Shaw argued, however, that the grass is mowed and the area remains open for use by the public. In the winter, he said, children have used the piled-up snow for sledding.

A letter from Ed Hula, a longtime resident of the neighborhood and former streets and water worker as well as town marshal, described the land's use as an active park in years past.

Whitefish attorney Gene Hedman spoke at Monday's council meeting for Jack Schoenberg of Green Valley, Ariz., the son of L.A. and Mary Schoenberg who deeded the land to the city 56 years ago.

He is interested in returning to the area, although Hedman said he is unsure whether Schoenberg intends to build on the land. Other reports indicated that Schoenberg is interested in building his retirement home there, and possibly developing or selling the remaining land.

The property there is zoned for single family homes.

As Hedman explained it, the city did not adhere to specific language in the deed calling for the land to be established and maintained as a park.

That failure, Hedman said, kicks in a final provision of the quitclaim deed that the land reverts to the family heirs who then can re-enter the premises.

Consensus on the council was to let Schoenberg have the land, with a couple conditions.
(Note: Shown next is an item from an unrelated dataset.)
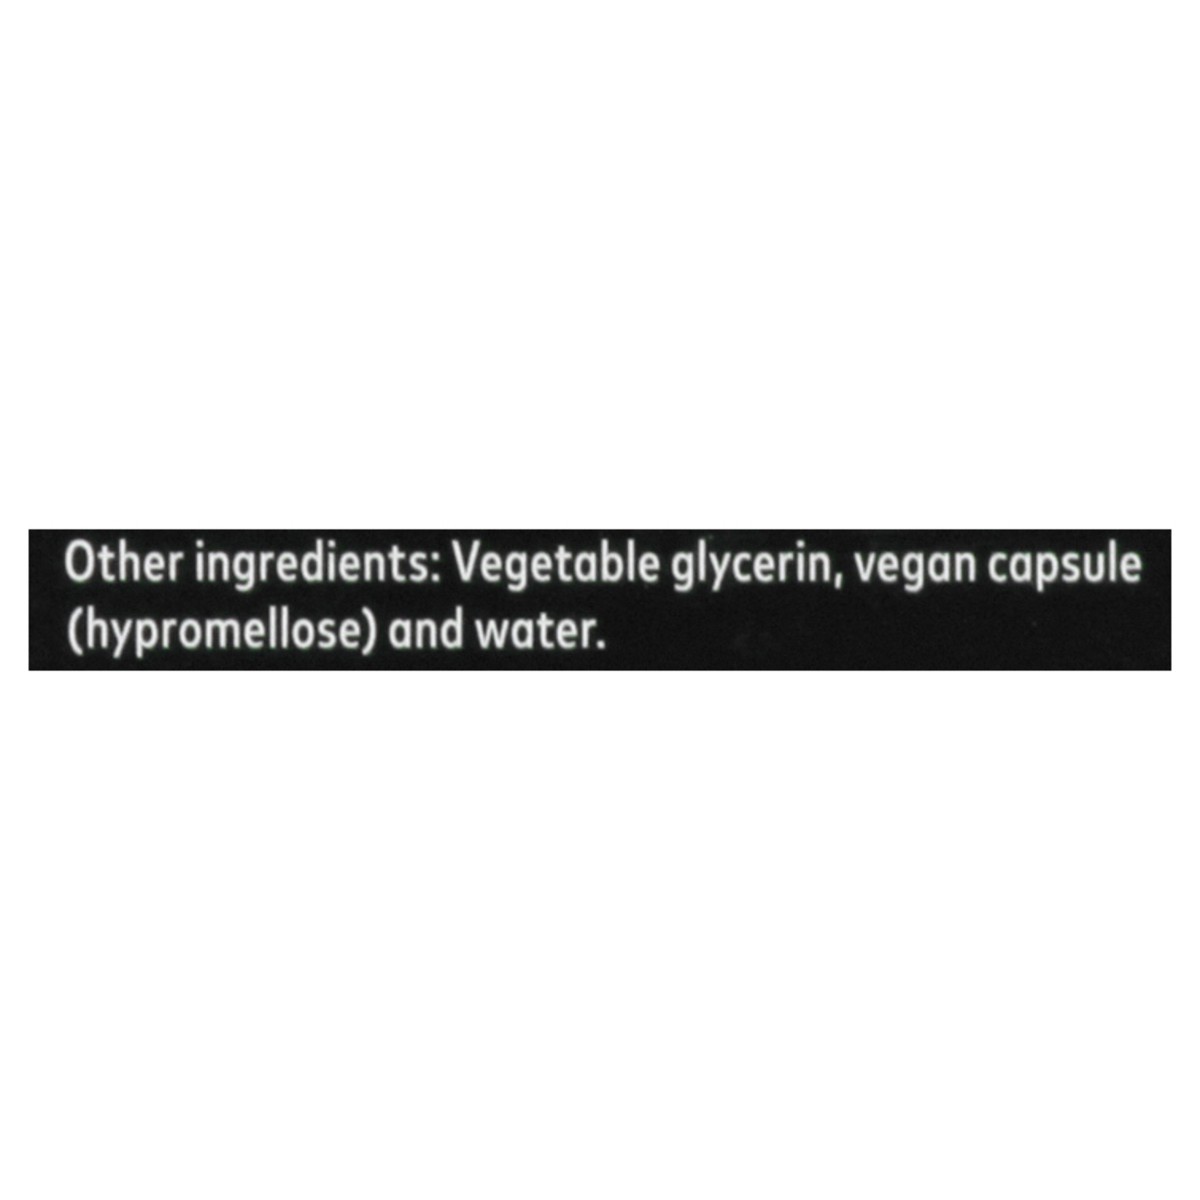 slide 6 of 13, Gaia Herbs Vegan Liquid Phyto-Caps Resveratrol 150 50 ea, 50 ct
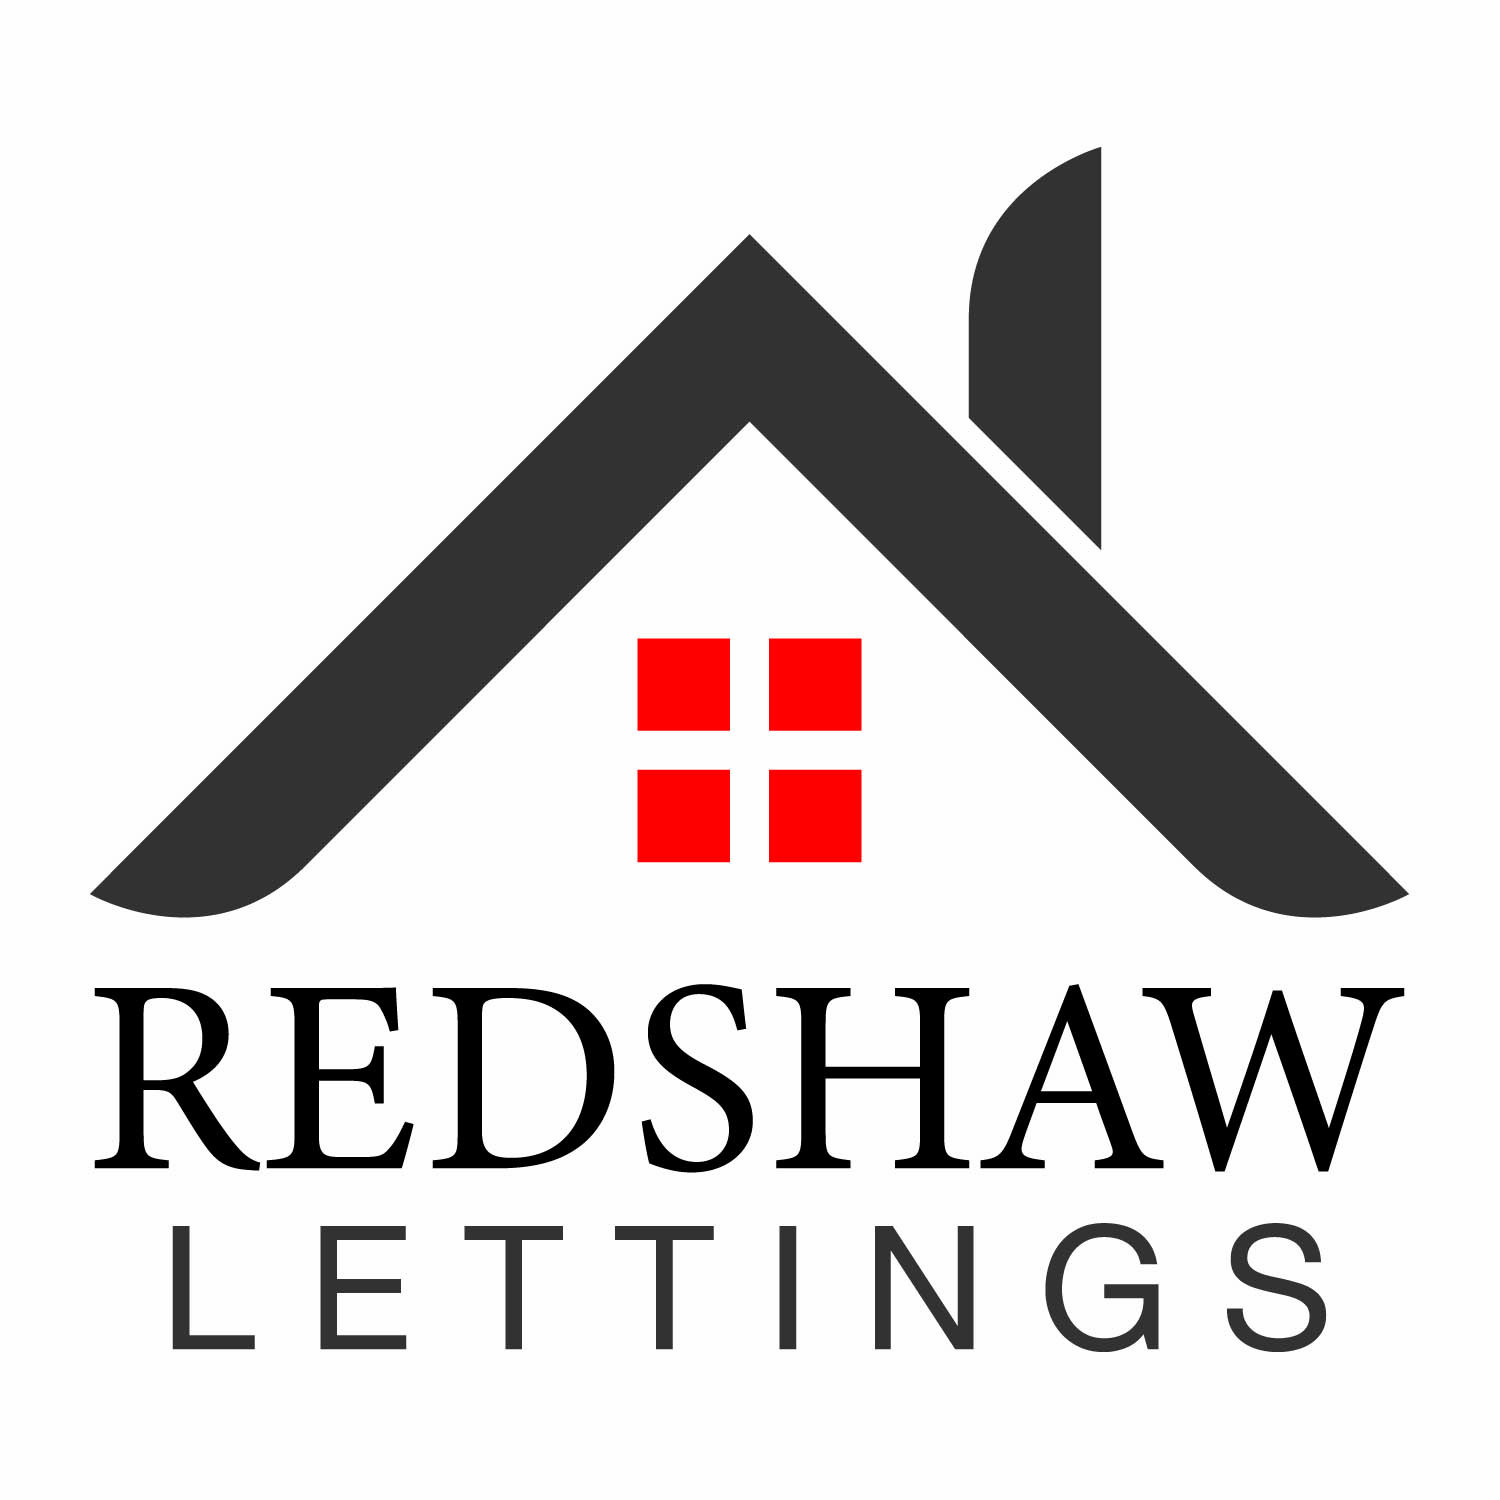 Redshaw Lettings

He must pay the street assessment for the current year, and must pay fair market value for the remaining lot.

Council members landed on the means of measurement after hearing suggestions for a land auction, declaring the parcel surplus property, or realigning the parcels to sellable lots and using the prices received for those as a fair market value for the stranded lot.

Hedman said Schoenberg likely would be amenable to buying the lot for fair market value, and offered to work through a real estate agent to get an appraisal.

The council voted 5-1, with one abstention, to return the nine lots on the condition that Schoenberg pay taxes on the land, and fair market value for the 10th lot when the land is sold or developed.